Curious how these compare in terms of premiums & deductibles - if you care to share, Astro …

AFAIK, those policies are age-limited to those under 30 or those who can demonstrate economic hardship that makes a regular policy unaffordable.

A broker should be able to help you figure this out.

Oh, I absolutely agree.

But, if the OP is thinking of doing without the insurance and just paying the penalty, I’m just urging him to at least put the money aside anyway - versus thinking “hey, I saved 13,000 dollars - time for that fancy vacation!!”. Like I said, anything happening at that age is likely to be very, very spendy (but the 13K put aside would be better than nothing).

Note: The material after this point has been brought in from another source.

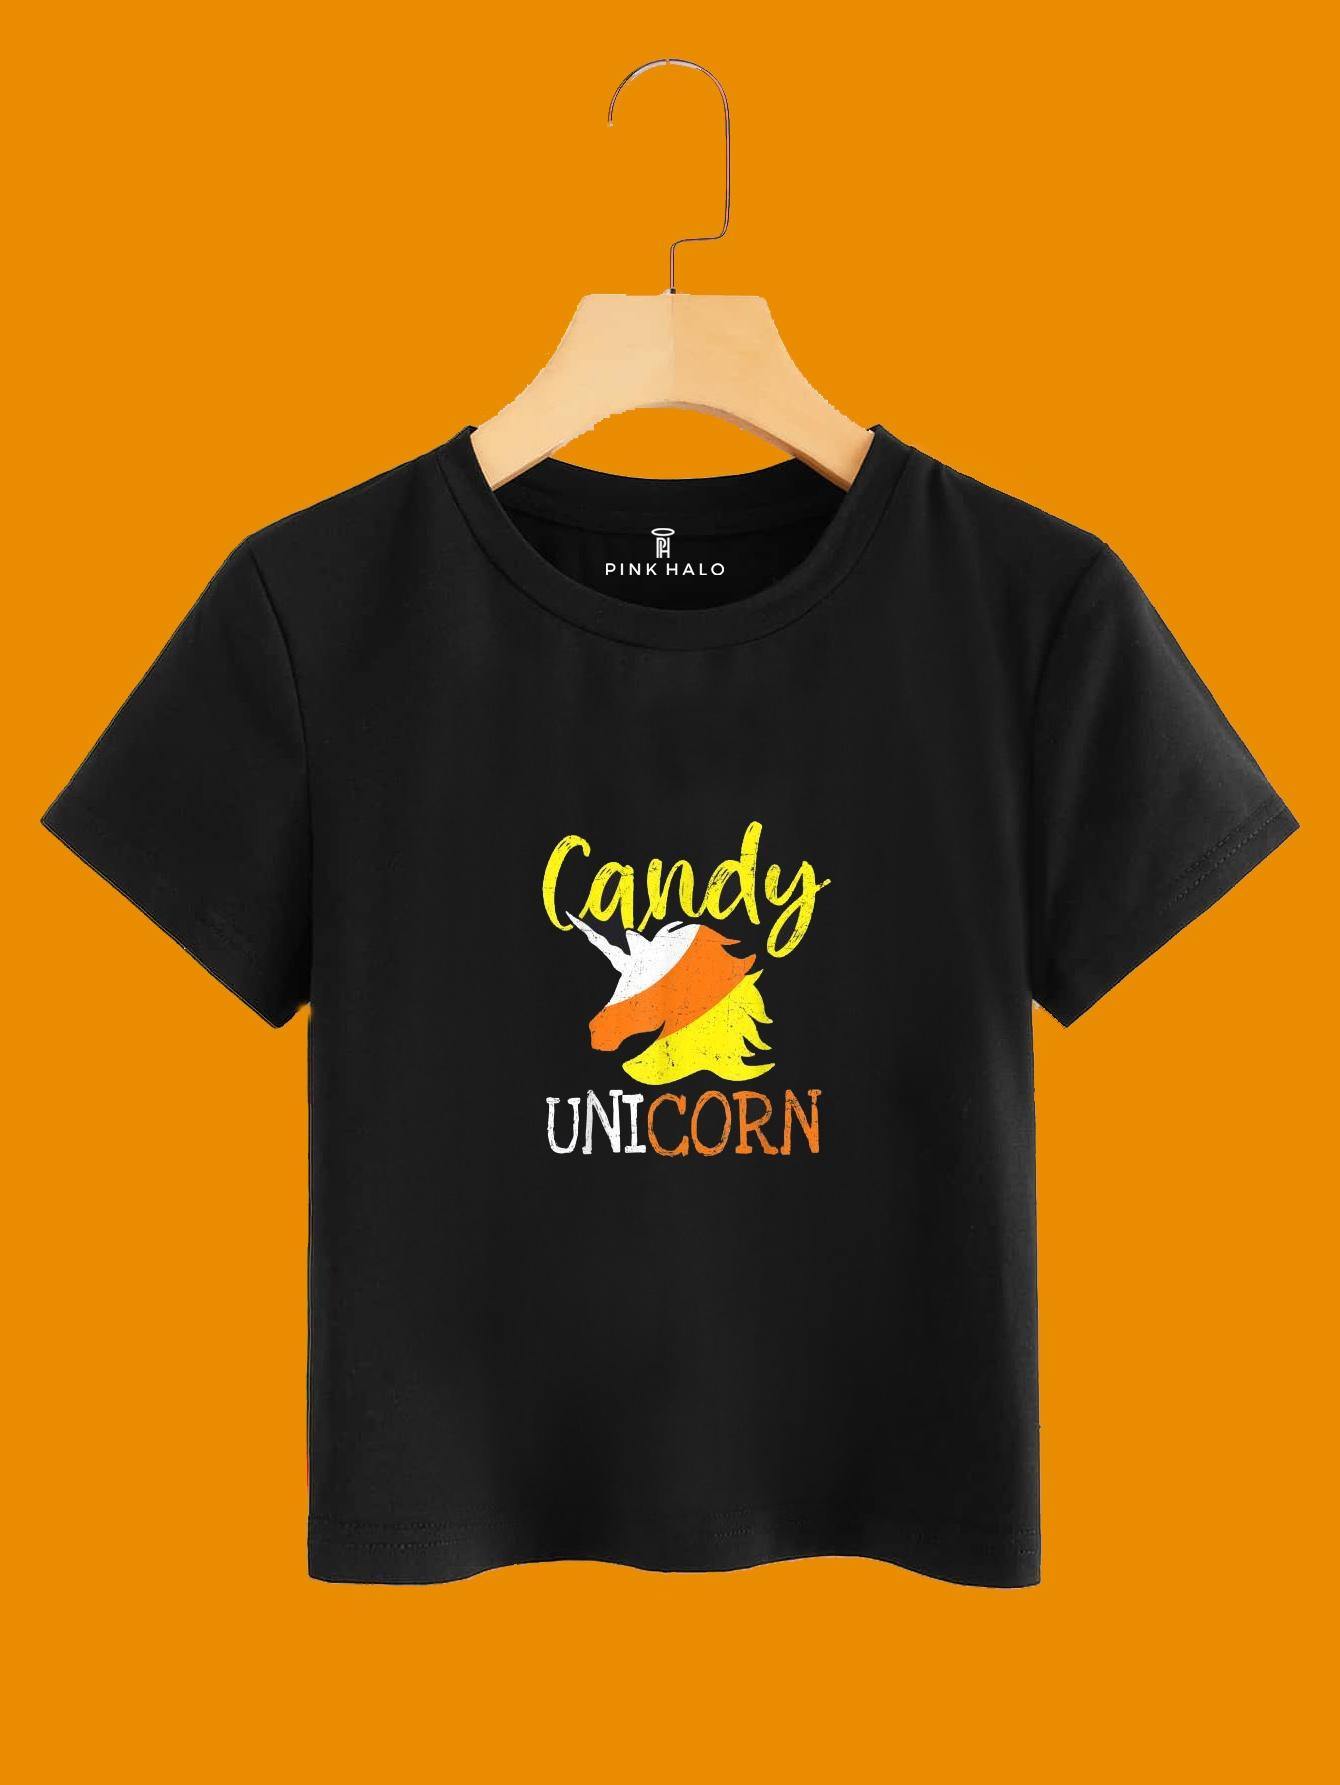 Candy 'Uni' Corn Tee Kind Shop

Hell, it wouldn’t even cover routine stuff given how insane “rack rates” are for procedures (I’ve vented about this before here). You can often negotiate prices down saying you’ll be paying cash but the American healthcare system’s billing practices are so wacked-out, you have no clue what anything will really cost.

I’m not saying the OP would be able to buy one and thereby avoid the tax penalties for not having an ACA-compliant policy. But it might keep him from losing his shirt if the unthinkable happened.

I thought the penalty would only be taken from your tax refund? So if you structure your tax so you don’t get a refund, then no penalty?

No, that just means you now owe taxes.

It’s a little of both, actually. The IRS has said that they will not enforce collection if the only tax due results from the ACA penalty.

However, they will certainly apply excess payments from any other years to the open balance. So, at best, you’d avoid paying the ACA penalty only if you never have a refund again for your entire life.